HOW TO COMPLETE THIS TASK: Only a slice of the listing below is wanted. Retype the lines from the one containing "Polizisten Der Polizei" through the one containing "Poster Bilder Jane", exactly, both ends included.

LISTED ENTRIES:
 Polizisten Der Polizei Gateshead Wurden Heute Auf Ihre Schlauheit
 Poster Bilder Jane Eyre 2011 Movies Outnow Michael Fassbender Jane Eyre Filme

==

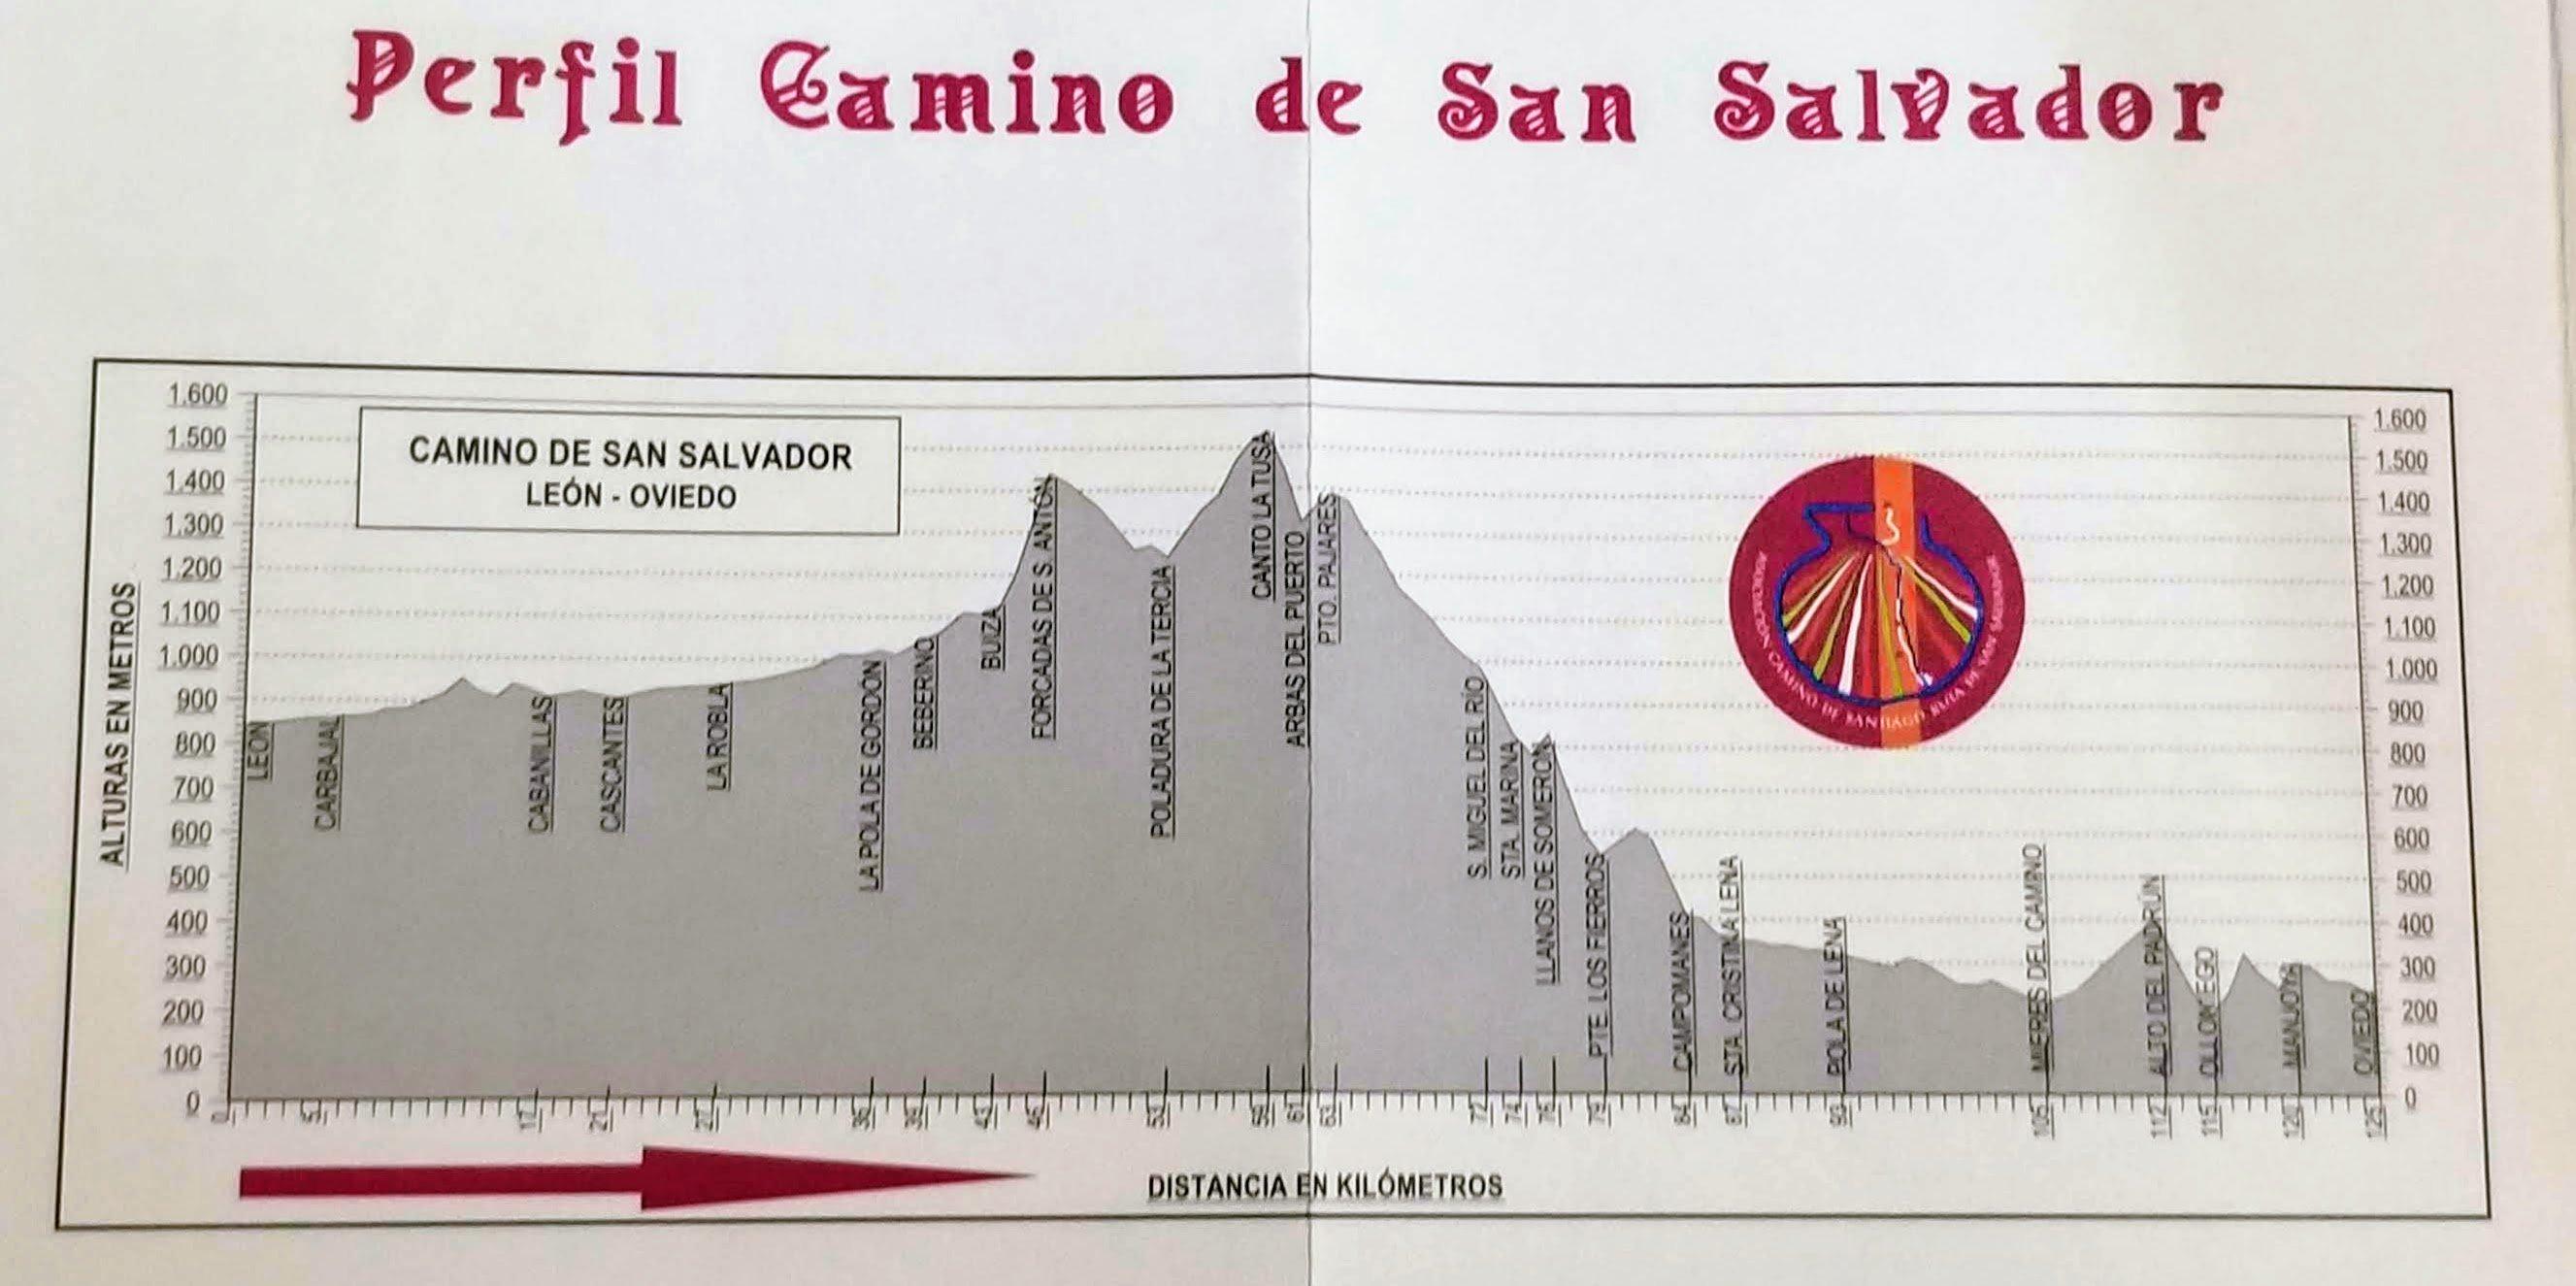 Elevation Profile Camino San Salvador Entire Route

ANSWER SECTION:
 Polizisten Der Polizei Gateshead Wurden Heute Auf Ihre Schlauheit
 Poster Bilder Jane Eyre 2011 Movies Outnow Michael Fassbender Jane Eyre Filme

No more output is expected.